**INFORMATION PROVIDED**
########

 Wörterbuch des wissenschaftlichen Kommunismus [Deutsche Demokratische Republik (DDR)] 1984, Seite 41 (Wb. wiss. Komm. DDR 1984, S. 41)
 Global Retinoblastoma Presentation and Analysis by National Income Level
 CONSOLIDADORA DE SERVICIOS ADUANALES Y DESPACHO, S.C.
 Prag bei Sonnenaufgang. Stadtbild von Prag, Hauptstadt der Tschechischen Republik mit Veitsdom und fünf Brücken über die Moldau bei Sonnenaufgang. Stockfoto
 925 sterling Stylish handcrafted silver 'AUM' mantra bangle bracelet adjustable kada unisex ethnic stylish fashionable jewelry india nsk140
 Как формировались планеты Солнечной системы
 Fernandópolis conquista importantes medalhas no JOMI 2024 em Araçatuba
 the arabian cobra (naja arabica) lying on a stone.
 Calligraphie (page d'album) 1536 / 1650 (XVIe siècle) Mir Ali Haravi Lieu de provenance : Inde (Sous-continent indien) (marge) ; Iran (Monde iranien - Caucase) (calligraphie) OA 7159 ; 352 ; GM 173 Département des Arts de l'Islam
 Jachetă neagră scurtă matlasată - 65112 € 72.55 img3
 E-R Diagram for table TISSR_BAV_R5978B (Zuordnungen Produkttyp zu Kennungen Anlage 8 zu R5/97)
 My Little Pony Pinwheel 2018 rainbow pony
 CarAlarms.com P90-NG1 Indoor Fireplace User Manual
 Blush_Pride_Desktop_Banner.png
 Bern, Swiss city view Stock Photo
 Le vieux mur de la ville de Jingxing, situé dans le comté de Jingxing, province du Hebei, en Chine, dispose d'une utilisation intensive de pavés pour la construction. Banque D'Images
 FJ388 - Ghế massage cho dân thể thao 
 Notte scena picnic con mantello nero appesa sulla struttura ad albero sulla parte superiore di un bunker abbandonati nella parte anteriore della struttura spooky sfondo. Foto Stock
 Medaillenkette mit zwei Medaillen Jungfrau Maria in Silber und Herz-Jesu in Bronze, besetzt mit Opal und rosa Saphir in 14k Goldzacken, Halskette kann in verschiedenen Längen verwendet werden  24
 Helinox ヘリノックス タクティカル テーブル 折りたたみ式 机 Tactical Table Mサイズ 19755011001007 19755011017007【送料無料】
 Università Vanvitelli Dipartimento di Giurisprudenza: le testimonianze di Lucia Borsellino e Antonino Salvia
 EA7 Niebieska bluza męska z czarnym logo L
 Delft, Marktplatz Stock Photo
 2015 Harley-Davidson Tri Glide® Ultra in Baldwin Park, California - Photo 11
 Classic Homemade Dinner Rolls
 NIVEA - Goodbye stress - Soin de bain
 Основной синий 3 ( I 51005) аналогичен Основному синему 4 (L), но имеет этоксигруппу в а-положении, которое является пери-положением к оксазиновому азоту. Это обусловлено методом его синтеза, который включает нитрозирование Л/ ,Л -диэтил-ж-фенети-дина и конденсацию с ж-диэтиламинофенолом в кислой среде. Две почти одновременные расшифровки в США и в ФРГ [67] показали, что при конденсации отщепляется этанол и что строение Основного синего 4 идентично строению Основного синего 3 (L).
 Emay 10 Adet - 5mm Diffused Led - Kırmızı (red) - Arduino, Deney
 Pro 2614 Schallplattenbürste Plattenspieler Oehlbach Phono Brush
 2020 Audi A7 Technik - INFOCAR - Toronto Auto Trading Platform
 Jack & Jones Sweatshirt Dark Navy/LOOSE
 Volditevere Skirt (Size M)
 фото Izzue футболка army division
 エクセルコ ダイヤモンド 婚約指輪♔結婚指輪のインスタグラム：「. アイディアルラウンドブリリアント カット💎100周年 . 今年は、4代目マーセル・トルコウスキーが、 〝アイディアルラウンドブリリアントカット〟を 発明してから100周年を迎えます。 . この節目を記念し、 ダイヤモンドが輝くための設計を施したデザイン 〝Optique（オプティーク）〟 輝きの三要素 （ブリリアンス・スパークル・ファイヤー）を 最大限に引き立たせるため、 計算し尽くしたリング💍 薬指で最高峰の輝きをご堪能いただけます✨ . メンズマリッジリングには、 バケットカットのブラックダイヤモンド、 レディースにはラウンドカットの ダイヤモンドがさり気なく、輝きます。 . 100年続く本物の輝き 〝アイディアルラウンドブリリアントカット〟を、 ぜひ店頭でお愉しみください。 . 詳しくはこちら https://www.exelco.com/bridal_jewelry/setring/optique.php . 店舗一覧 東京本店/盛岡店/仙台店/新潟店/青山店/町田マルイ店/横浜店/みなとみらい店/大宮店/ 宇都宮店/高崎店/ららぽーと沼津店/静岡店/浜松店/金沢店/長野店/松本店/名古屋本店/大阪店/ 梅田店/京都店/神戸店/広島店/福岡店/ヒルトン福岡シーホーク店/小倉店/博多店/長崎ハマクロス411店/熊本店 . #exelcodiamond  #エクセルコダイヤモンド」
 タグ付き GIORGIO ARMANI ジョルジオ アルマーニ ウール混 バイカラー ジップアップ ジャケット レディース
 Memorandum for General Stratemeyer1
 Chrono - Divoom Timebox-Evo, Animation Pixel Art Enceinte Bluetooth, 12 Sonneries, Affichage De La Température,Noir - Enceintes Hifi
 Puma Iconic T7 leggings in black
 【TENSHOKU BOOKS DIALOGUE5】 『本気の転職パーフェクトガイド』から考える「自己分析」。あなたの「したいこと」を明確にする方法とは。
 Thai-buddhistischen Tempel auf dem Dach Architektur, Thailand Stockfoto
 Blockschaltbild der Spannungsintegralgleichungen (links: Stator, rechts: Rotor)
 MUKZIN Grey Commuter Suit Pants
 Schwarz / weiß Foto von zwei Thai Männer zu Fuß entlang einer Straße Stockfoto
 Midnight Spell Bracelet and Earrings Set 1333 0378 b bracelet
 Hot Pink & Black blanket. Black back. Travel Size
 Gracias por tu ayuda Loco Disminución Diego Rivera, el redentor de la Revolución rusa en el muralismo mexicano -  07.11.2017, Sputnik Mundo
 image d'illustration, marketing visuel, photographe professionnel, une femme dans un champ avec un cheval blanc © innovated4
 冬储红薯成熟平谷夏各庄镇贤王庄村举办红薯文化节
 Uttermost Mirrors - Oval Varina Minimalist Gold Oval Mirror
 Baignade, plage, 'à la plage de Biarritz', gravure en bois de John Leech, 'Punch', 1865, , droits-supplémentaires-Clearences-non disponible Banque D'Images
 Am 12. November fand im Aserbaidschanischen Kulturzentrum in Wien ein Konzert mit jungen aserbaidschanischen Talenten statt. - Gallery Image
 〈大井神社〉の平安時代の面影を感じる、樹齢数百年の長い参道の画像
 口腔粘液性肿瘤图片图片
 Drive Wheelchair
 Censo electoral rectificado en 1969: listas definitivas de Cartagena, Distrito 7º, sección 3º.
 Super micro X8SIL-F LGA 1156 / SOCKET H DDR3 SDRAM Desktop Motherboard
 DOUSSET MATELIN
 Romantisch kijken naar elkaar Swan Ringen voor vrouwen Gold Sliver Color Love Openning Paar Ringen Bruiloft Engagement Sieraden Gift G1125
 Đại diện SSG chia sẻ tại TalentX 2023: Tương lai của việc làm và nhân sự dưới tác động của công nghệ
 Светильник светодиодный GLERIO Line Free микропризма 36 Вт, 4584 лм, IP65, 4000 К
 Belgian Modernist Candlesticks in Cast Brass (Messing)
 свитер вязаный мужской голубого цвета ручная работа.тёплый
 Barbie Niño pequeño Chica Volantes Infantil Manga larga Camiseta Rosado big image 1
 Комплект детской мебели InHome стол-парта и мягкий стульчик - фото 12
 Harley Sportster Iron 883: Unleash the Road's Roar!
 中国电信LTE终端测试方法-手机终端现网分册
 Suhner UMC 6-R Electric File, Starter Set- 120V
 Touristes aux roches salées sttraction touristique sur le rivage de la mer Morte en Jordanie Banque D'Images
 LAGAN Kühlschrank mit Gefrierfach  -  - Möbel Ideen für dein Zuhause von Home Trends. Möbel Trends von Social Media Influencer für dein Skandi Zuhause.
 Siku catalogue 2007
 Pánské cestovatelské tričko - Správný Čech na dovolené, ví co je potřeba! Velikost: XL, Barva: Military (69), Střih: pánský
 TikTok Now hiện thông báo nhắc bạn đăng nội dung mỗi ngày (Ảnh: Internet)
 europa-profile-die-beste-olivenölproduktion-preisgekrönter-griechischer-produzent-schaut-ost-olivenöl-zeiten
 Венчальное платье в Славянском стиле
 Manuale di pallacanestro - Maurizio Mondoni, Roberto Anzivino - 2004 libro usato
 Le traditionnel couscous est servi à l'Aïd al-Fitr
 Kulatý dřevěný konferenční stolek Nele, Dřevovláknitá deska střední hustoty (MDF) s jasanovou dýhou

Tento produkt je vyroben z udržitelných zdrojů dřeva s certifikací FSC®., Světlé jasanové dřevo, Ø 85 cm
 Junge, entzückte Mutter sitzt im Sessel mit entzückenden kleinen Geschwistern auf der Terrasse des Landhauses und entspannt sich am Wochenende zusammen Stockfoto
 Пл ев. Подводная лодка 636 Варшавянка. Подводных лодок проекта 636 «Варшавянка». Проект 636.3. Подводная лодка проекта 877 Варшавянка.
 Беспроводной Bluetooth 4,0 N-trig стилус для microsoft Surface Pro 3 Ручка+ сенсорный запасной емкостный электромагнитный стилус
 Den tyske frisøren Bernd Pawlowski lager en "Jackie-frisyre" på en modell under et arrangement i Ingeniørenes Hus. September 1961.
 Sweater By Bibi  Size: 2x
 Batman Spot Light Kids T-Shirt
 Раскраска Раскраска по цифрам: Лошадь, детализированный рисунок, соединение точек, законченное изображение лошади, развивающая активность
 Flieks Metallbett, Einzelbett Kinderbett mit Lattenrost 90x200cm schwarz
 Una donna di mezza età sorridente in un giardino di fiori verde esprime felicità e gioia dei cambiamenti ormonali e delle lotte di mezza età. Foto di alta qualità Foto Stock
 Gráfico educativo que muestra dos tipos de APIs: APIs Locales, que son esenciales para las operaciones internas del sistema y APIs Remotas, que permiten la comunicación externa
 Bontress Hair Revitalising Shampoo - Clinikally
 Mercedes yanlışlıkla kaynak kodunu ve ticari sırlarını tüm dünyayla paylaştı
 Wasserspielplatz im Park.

########

**YOUR INSTRUCTIONS**
For the listing above, print only the lines starting at the line containing "Barbie Niño pequeño" and ending at the line containing "Пл ев. Подводная", exactly, both included.

**ANSWER TO THIS PROBLEM**
 Barbie Niño pequeño Chica Volantes Infantil Manga larga Camiseta Rosado big image 1
 Комплект детской мебели InHome стол-парта и мягкий стульчик - фото 12
 Harley Sportster Iron 883: Unleash the Road's Roar!
 中国电信LTE终端测试方法-手机终端现网分册
 Suhner UMC 6-R Electric File, Starter Set- 120V
 Touristes aux roches salées sttraction touristique sur le rivage de la mer Morte en Jordanie Banque D'Images
 LAGAN Kühlschrank mit Gefrierfach  -  - Möbel Ideen für dein Zuhause von Home Trends. Möbel Trends von Social Media Influencer für dein Skandi Zuhause.
 Siku catalogue 2007
 Pánské cestovatelské tričko - Správný Čech na dovolené, ví co je potřeba! Velikost: XL, Barva: Military (69), Střih: pánský
 TikTok Now hiện thông báo nhắc bạn đăng nội dung mỗi ngày (Ảnh: Internet)
 europa-profile-die-beste-olivenölproduktion-preisgekrönter-griechischer-produzent-schaut-ost-olivenöl-zeiten
 Венчальное платье в Славянском стиле
 Manuale di pallacanestro - Maurizio Mondoni, Roberto Anzivino - 2004 libro usato
 Le traditionnel couscous est servi à l'Aïd al-Fitr
 Kulatý dřevěný konferenční stolek Nele, Dřevovláknitá deska střední hustoty (MDF) s jasanovou dýhou

Tento produkt je vyroben z udržitelných zdrojů dřeva s certifikací FSC®., Světlé jasanové dřevo, Ø 85 cm
 Junge, entzückte Mutter sitzt im Sessel mit entzückenden kleinen Geschwistern auf der Terrasse des Landhauses und entspannt sich am Wochenende zusammen Stockfoto
 Пл ев. Подводная лодка 636 Варшавянка. Подводных лодок проекта 636 «Варшавянка». Проект 636.3. Подводная лодка проекта 877 Варшавянка.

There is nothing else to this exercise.